The Jewish Chronicle

I’m so very sorry that you won’t be spending Pesach by the pool

- OPINION JENNI FRAZER

AMID ALL the horror and misery surroundin­g Pesach 2020, spare a very brief thought and even shed a tiny tear for those forced to stay at home for the chag.

These are the women — almost always women — who at this time of year have nothing more on their minds than which of their many Heidi Klum swimsuits they are taking with them to Israel. Their focus is on packing, packing, packing, darling, not dreary food shopping or cleaning (though in any case they have a woman-whodoes to deal with all that).

Our socialites have not had to deal with the trauma of making Pesach for many a long year. They have a little bijou apartment in Tel Aviv, naturally, but they wouldn’t dream of making Pesach there.

Instead they are regular returning visitors at some of Israel’s finest five-star hotels, which lay on a lavish communal Seder for those who want it, and a more than delicious all-you-can-eat buffet each day. Blissful, obviously. I’m not in the slightest bit jealous, of course.

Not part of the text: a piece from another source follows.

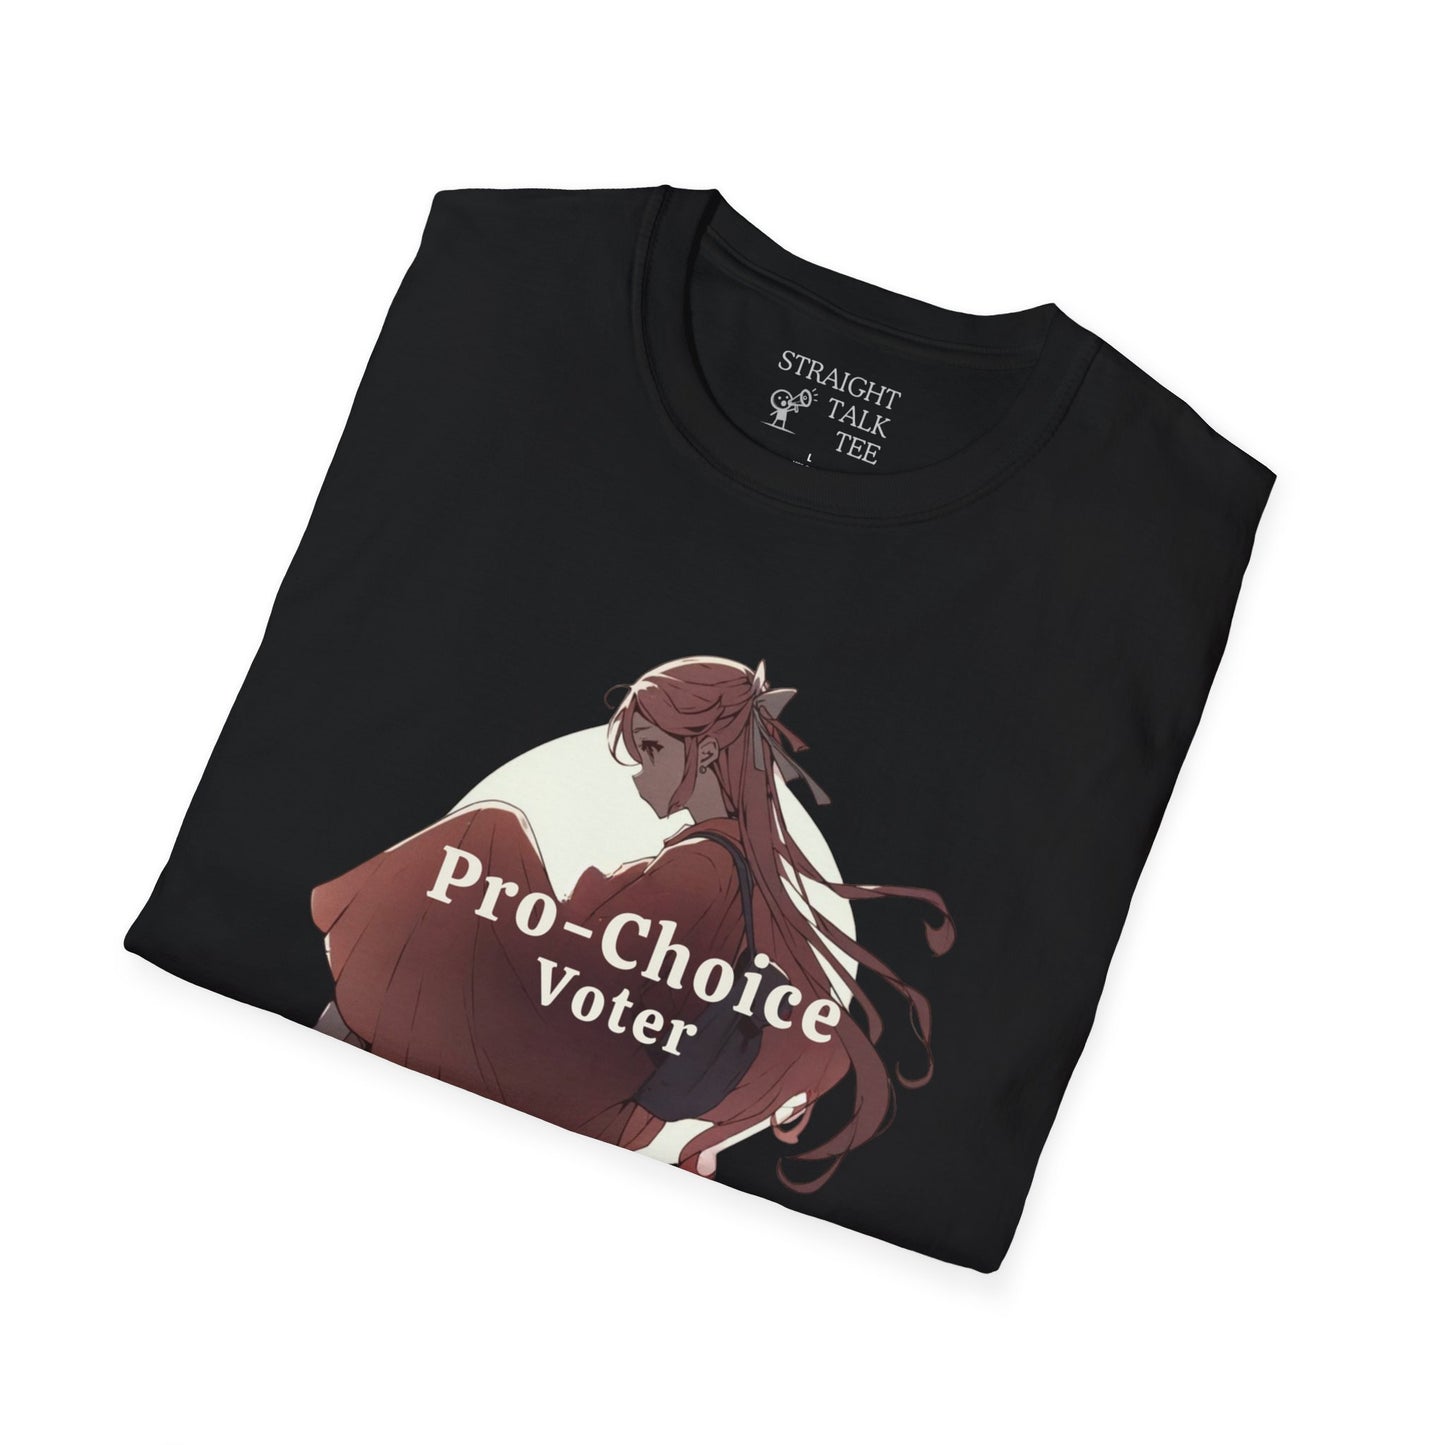 Pro-Choice Voter Anime Soft Style t-shirt |unisex| Political shirt, Inpire, go out and Vote!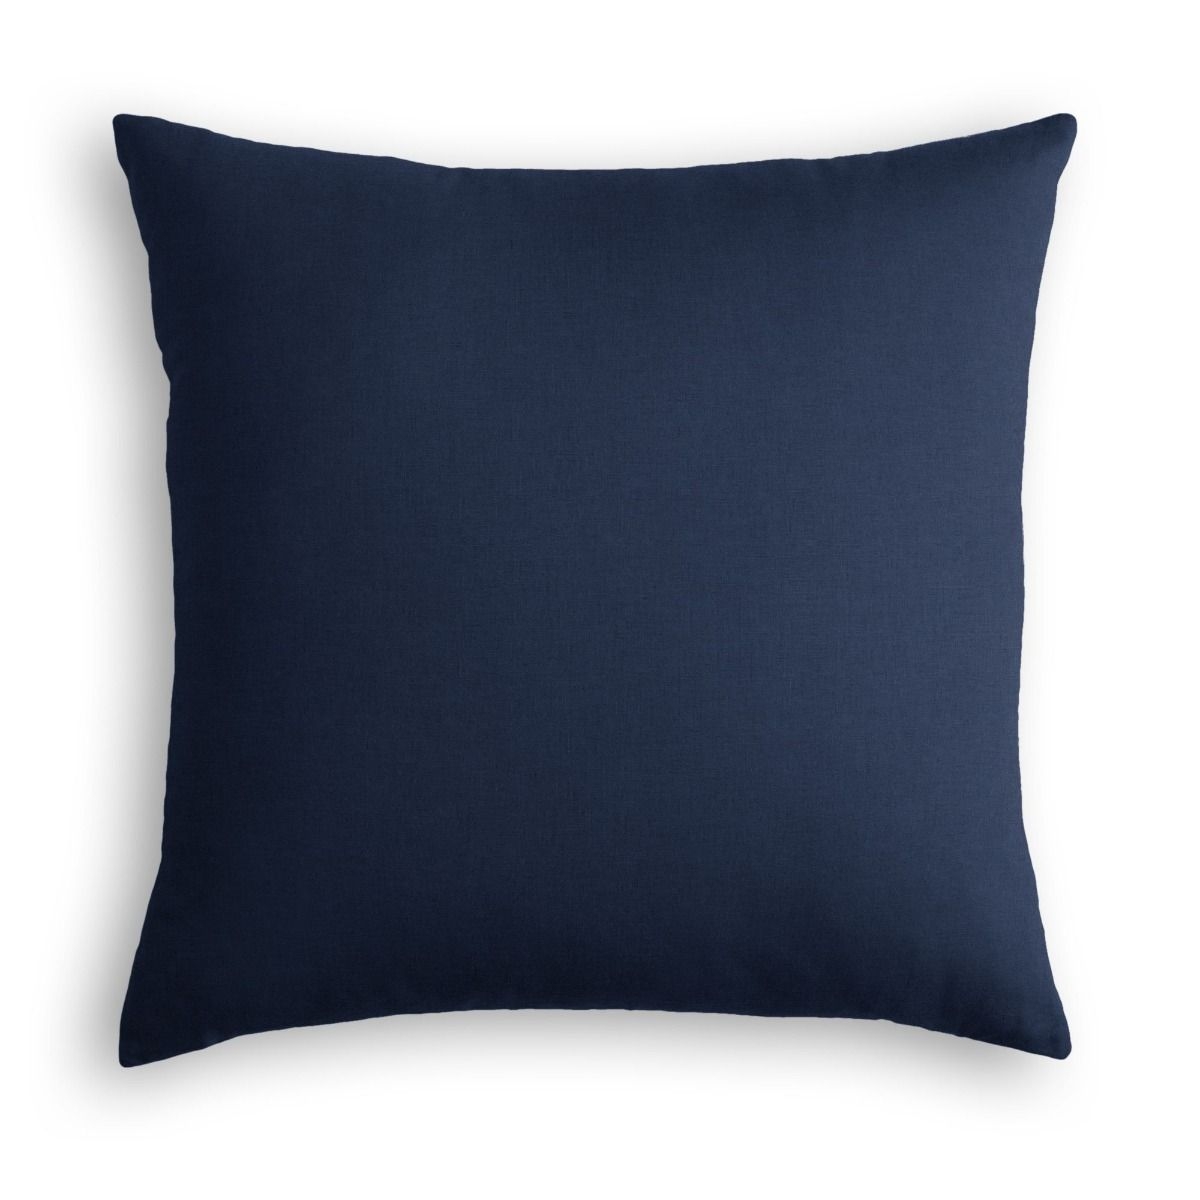 Classic Linen Pillow, Indigo, 22" x 22" with down fill - Image 0

After a hotel Seder (just the one, it’s Israel) there is the inviting blue of the infinity pool. Sure, it’s a tad annoying not to have proper cappuccino for the duration of the festival, but it is a small price to pay not to have to wrestle with Pesach and all its demands.

But this year? Oh, my dears. Expect to hear the following: Yes, we were invited to an online Seder, but we decided it was just that teensy bit déclassé.

So since there’s just the two of us we’ve invested in the top-ofthe-range disposable plates and cutlery, ordered everything in to make it as painless as possible — and yes, yes, I will be wearing my new swimsuit as a top. Since you ask.

I’ll post the pictures on Facebook as usual for you to admire.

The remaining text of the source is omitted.